Mata Gilang memanas. Melihat Vanya berdiri dengan tubuh gemetar dan segera melangkah mundur saat melihat Gilang yang akan berjalan menghampirinya.

"Pergi!" Desis Vanya pelan. Membuat langkah kaki Gilang terhenti di tengah-tengah.

"Gue bilang pergi! Pergi! Pergi dari sini!" Vanya terus mundur. Pandangan gadis itu bahkan tidak fokus. Ia menunduk hingga akhirnya jatuh pingsan.

Gilang meneguk ludahnya kelu. Ia ingin berlari menghampiri, tapi sialnya kaki cowok itu seolah tidak bisa digerakkan. Terlalu terpukul dengan apa yang ia lihat.

"Gilang-" Andre terdiam shock di ambang pintu melihat keadaan Vanya.

"Keluar!" Ucap Gilang pelan sambil menoleh setengah ke arah Andre yang ada di belakangnya.

"Gue nggak lihat apa-apa." Cowok itu segera keluar tanpa disuruh dua kali.

Gilang melangkah pelan menuju ke arah Vanya. Menatap sekilas ke arah jas milik Vanya yang basah di atas lantai. Cowok itu berjongkok, melepas jasnya juga kemeja putihnya, menyisakan kaus hitam yang masih melekat di tubuh. Maka dengan kemeja itu, ia memakaikannya ke tubuh Vanya. Sedikit terburu-buru karena terlalu khawatir dengan keadaan gadis tersebut.

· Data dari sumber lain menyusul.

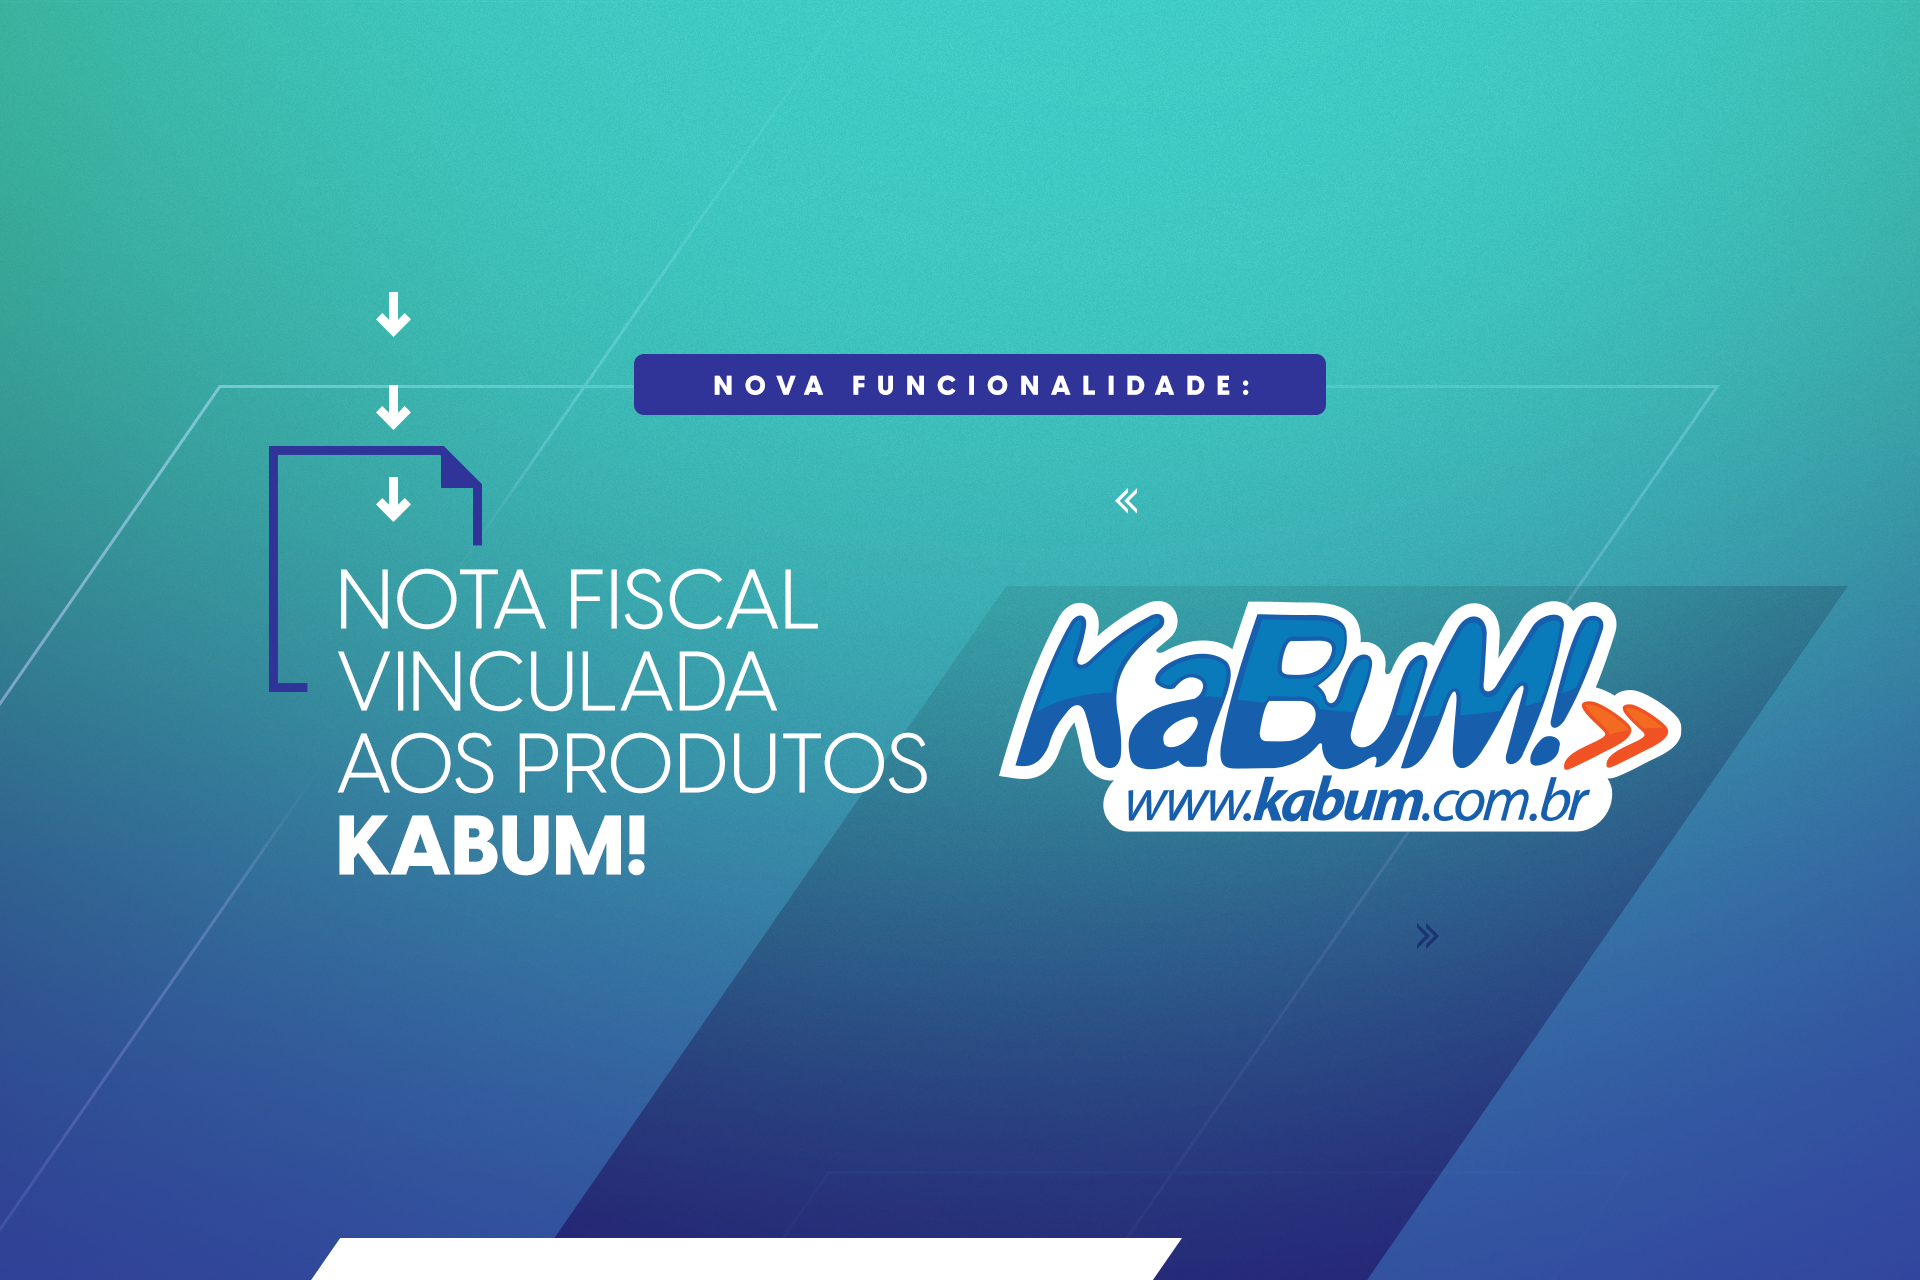 Imagem com a frase "nota fiscal vinculada aos produtos KaBum!", com a logo da marca.

Diangkatnya tubuh rabuh itu dengan sangat mudah dan segera membawanya ke ruang UKS. Andre mengikuti di belakang sambil membawa jas milik Vanya dan Gilang. Setelah sampai, dibaringkannya tubuh Vanya di atas kasur. Membiarkan petugas UKS mengurus keadaan gadis tersebut.

"Gimana kejadian ini bermula?" Gilang duduk di bangku panjang yang ada di depan ruang UKS.

"Gue juga nggak tau. Pas gue sampai sekolah, berita itu udah nyebar aja kayak virus."

"Tapi siapa yang nyebarin ini semua? Di sekolah ini yang tau rahasia Vanya cuma gue dan lo." Gilang meremas rambutnya frustasi.

"Gue juga yakin yang tau rahasia ini cuma kita. Jadi dalang di balik ini semua jelas bukan murid dari SMA Pancasila. Karena yang gue tau, berita ini disebarin lewat twitter dan Line. Jadi jelas, ada sekolah lain yang nyebarin berita sampah ini. Dan dia adalah salah satu orang yang tau masa lalu si Vanya." Andre berhipotesis.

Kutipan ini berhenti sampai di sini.